This is a guest post by Gloria Furman, author of Treasuring Christ When Your Hands Are Full: Gospel Meditations for Busy Moms.
A Big Surprise
The midwives on the midnight shift in the maternity wing each paid a visit to my room to encourage me. I didn't sleep that night, but not necessarily because I was up caring for my newborn son. I was awake replaying in my mind the shocking circumstances of his birth.
My fourth child was born ten days early, at our apartment, and into my husband's disabled arms. In the span of about five minutes, I had some pain, called my doctor (who advised us to meet her at the hospital), hung up the phone, told my husband we had to go, and the baby was born. Health-wise, both the baby and I are completely healthy. But the event left its mark on my mind for months as I continued to have flashbacks.
Neither Life Nor Death
When I realized that the baby was a moment away from being born my mind began to spin out of control. "It's not time yet. Something must be wrong. Who will help me?" An overwhelming fear of death engulfed me, and I thought that my baby and/or I were about to die. My husband stood by asking what he could do to help me, and all I could say was, "Just pray!"

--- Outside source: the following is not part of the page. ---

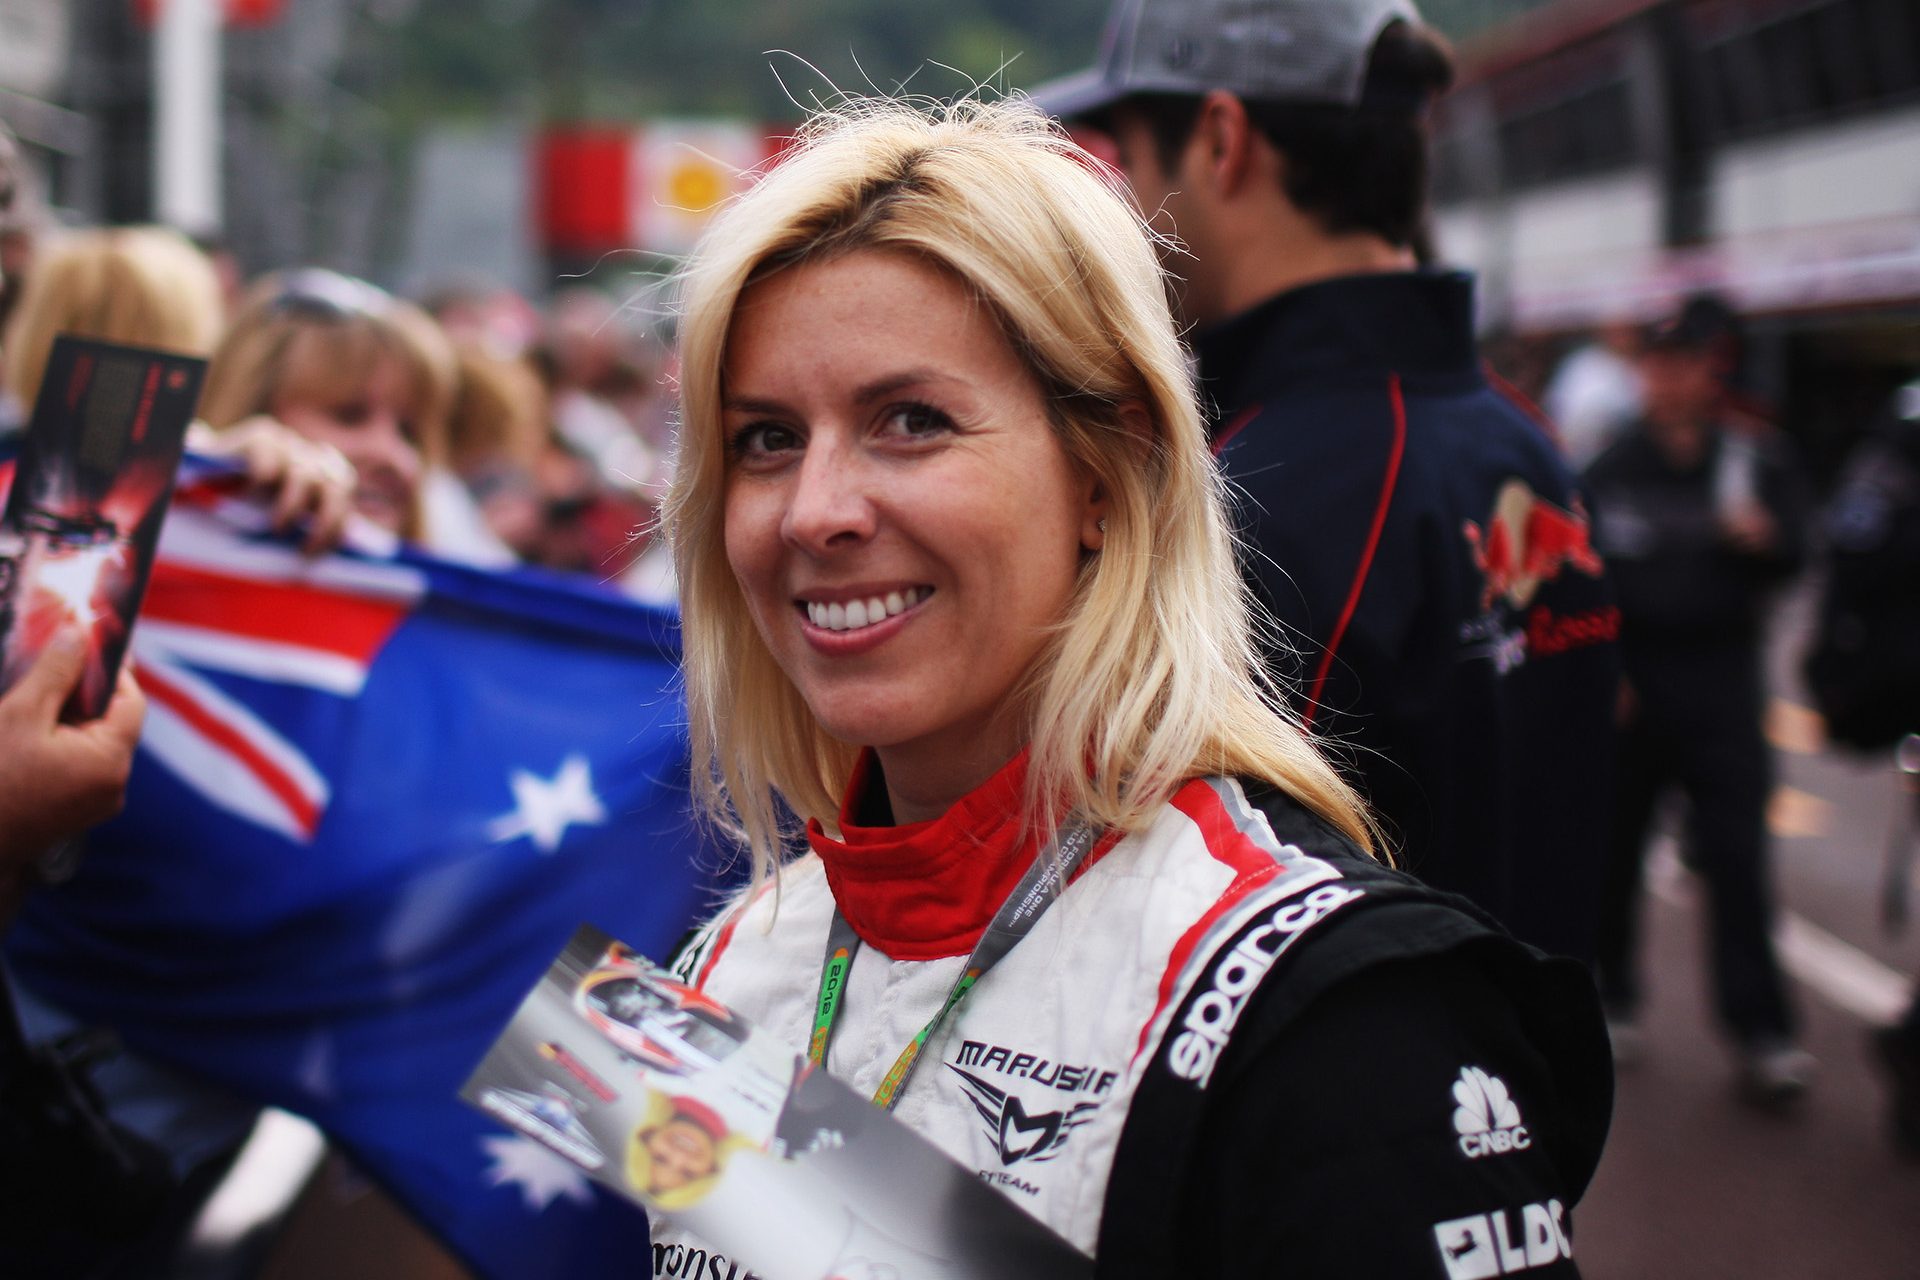 La vie tragique et inspirante de l'ancienne pilote de Formule 1 María de Villota, morte à 33 ans
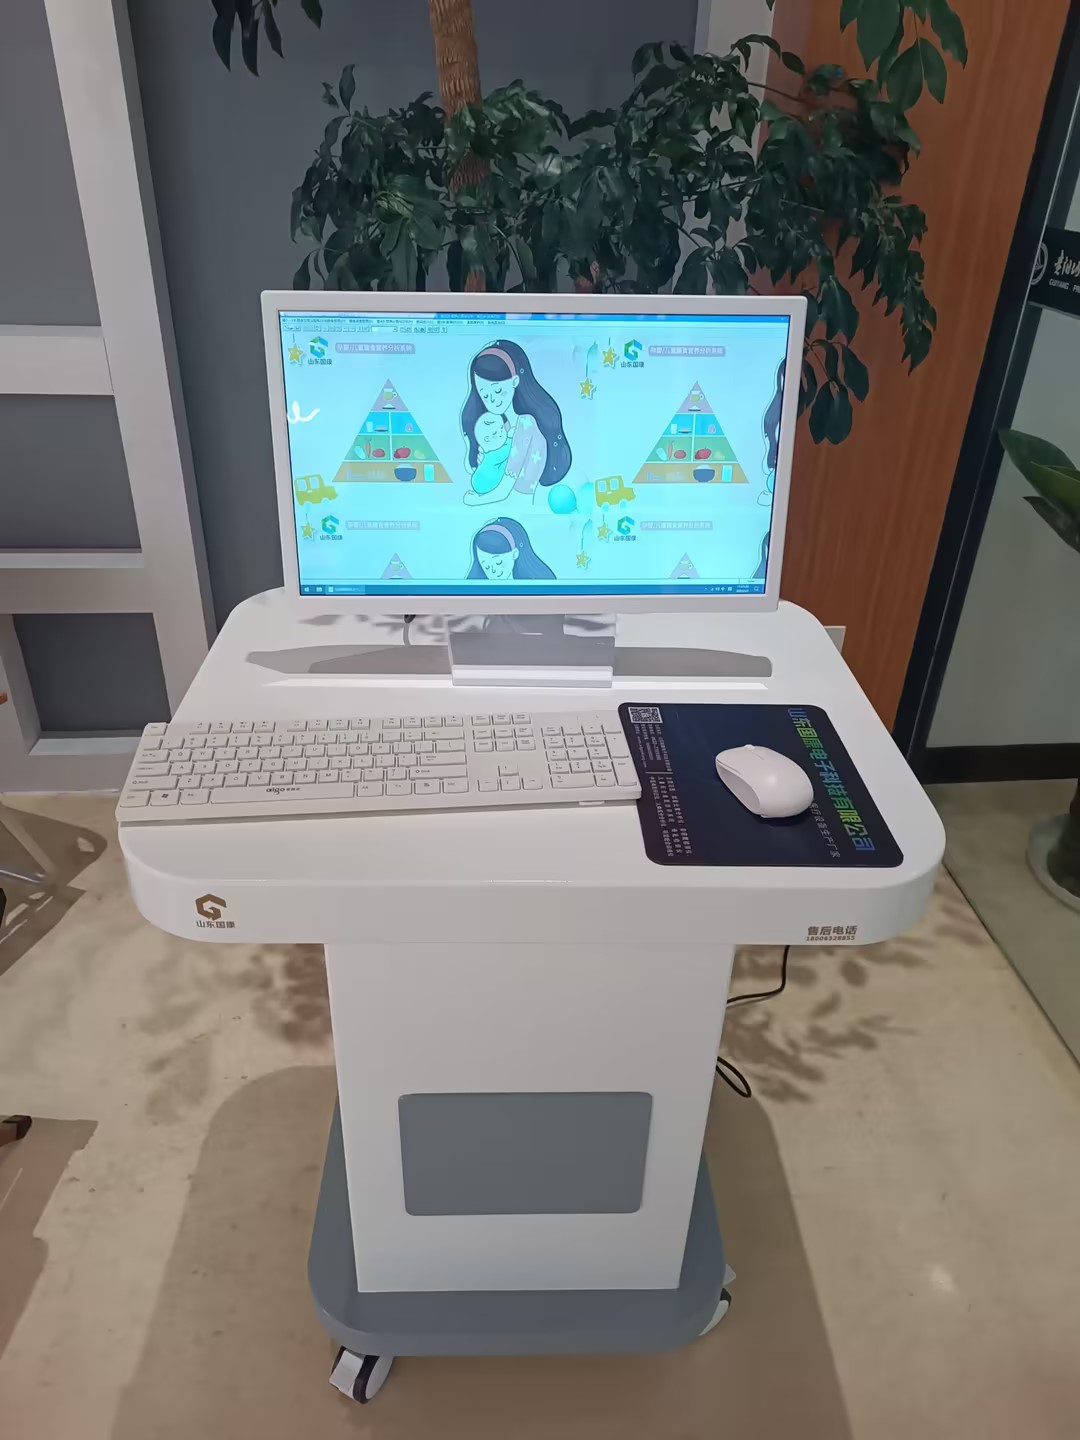 儿童膳食营养分析系统在贵州贵阳清镇市第一人民医院完成装机

We labor in God's Word to stay our mind on Jesus so that our minds can be renewed by his truth.
And then, like lightning breaking through the storming darkness, I heard a song that played on my iPod earlier that day. The hymn "It Is Well With My Soul" was playing in my mind, and I remembered a phrase from Romans 8:38–39: "neither death nor life." In an act of war against all the horrors of sin and its consequences, God sent his Son to redeem lost sinners out of the grip of death by shedding his own blood on the cross. "For I am sure that neither death nor life . . . will be able to separate us from the love of God in Christ Jesus our Lord." Even death submits to Jesus, and one day Jesus is going to throw death into the lake of fire (Rev. 20:14).
By the grace of God, my panic was replaced with a peace that surpassed understanding as I considered His Word. In that dire moment, I needed to be kept in God's perfect peace and not wade around in some shallow, fake peace—the kind built on trite consolations like "just look at the bright side." Jesus didn't say, "Take heart and think of others who have it worse than you." He told us to think of Him: "In the world you will have tribulation. But take heart, I have overcome the world" (John 16:33).
God reminded me that even death can't keep Him from loving me perfectly. Because of Jesus's victory at the cross, all things—including death and life—are His servants and do His bidding. That's the foundation for perfect peace. We cling to God's promise in Isaiah 26:3:
You keep him in perfect peace whose mind is stayed on you, because he trusts in you.
Then there is the massive implication in the next verse:
Trust in the LORD forever, for the LORD GOD is an everlasting rock. (Isa. 26:4)
God's peace is perfect in quality and eternal in duration. There's no better peace you could enjoy.
The Predictable Monotony of Daily Life
Odds are you will not find yourself in a surprise childbirth scene such as the one I just described. But you will likely find yourself in the predictably monotonous daily grind of life, tempted to trust in yourself and create your own peace. You may routinely evaluate your circumstances and doubt God's love for you and wonder if He cares. The intervention you are looking for in your temporary earthly circumstances may not come.
But there is one great, permanent intervention through which you are given the gift of an eternity to delight in God's love. We may "Trust in the LORD forever" (Isa. 26:4) because Jesus trusted his Father and went to the cross in our place. The cross is precious and central because it gives us God.
On this side of heaven, we labor in God's Word to stay our mind on Jesus so that our minds can be renewed by his truth. Jesus said,
Peace I leave with you; my peace I give to you. Not as the world gives do I give to you. Let not your hearts be troubled, neither let them be afraid (John 14:27).
The world keeps us in fearful suspense; Jesus keeps us in perfect peace. Redeeming love has purchased for us this blessed assurance: that Christ has regarded our helpless estate and has shed his own blood for our soul.
Where are you most need His peace to pervade your life today?